Previous studies13,14,15,16 have revealed that activation of anti-apoptotic Bcl-2 protein or inactivation of pro-apoptotic Bax protein could disturb the process of vascular endothelial cell apoptosis under ischemic conditions. In this study, we found that TDB significantly increased Bcl-2 protein expression in a dose-dependent manner without affecting Bax expression. Interestingly, this finding was somewhat different from a previous report on the effect of protocatechuic aldehyde, a chemical structurally similar to TDB, on the regulation of Bcl-2 and Bax. Since protocatechuic aldehyde did not show any effect on Bcl-2 or Bax expression46, and the only difference between the two structures is that TDB possesses an additional phenolic hydroxyl group compared to protocatechuic aldehyde, we speculate that this phenolic hydroxyl group might be responsible for TDB-dependent Bcl-2 protein expression regulation. Of course, this will need further investigation in the future.

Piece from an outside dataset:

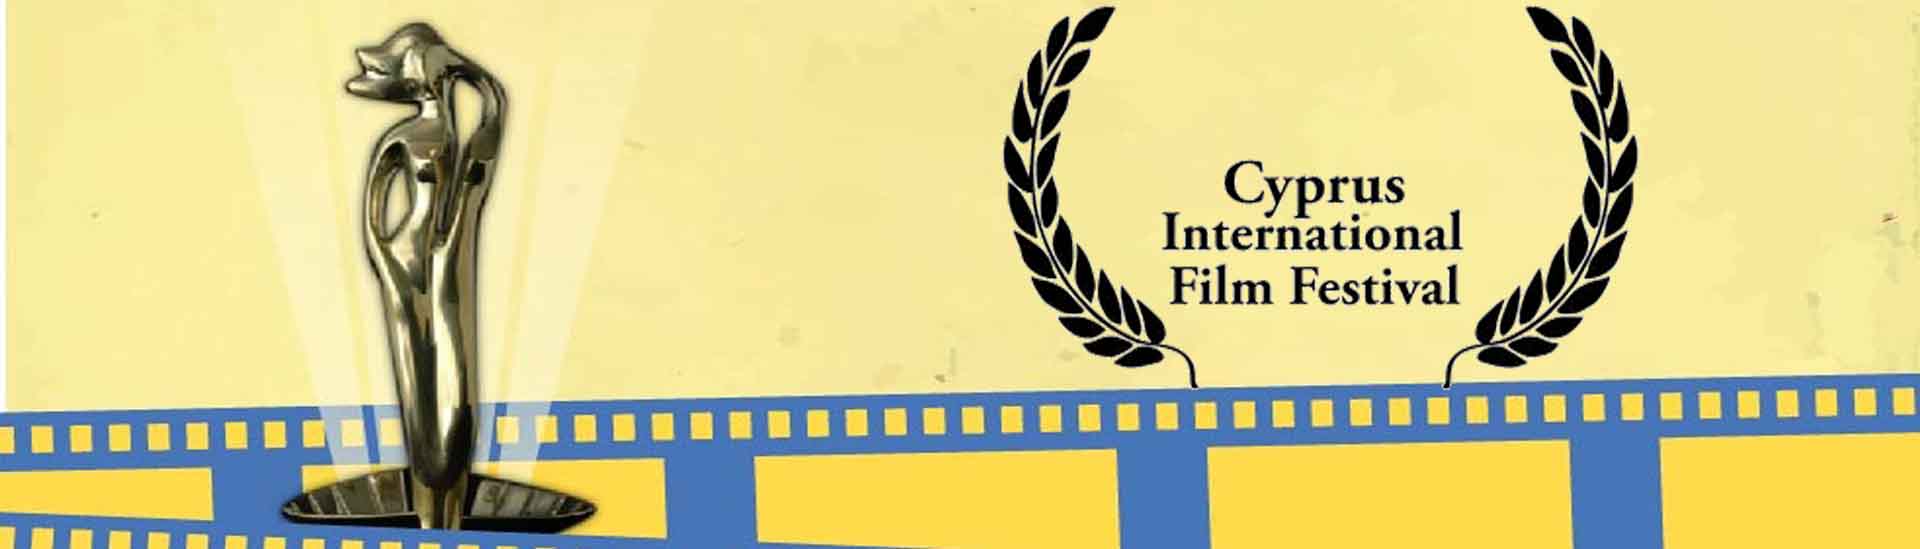 The Cyprus International Film Festival

Since TDB significantly upregulated BCL2 mRNA levels in a dose-dependent manner, we speculated that the TDB-dependent increase in Bcl-2 protein might result from either activation of BCL2 gene expression or stabilisation of BCL2 mRNA. It should be noted that TDB could significantly increase BCL2 mRNA levels compared with the control group (untreated cells) even when gene transcription was blocked by actinomycin D (AD). This finding indicates that TDB stabilises existing BCL2 mRNA rather than increasing its transcription.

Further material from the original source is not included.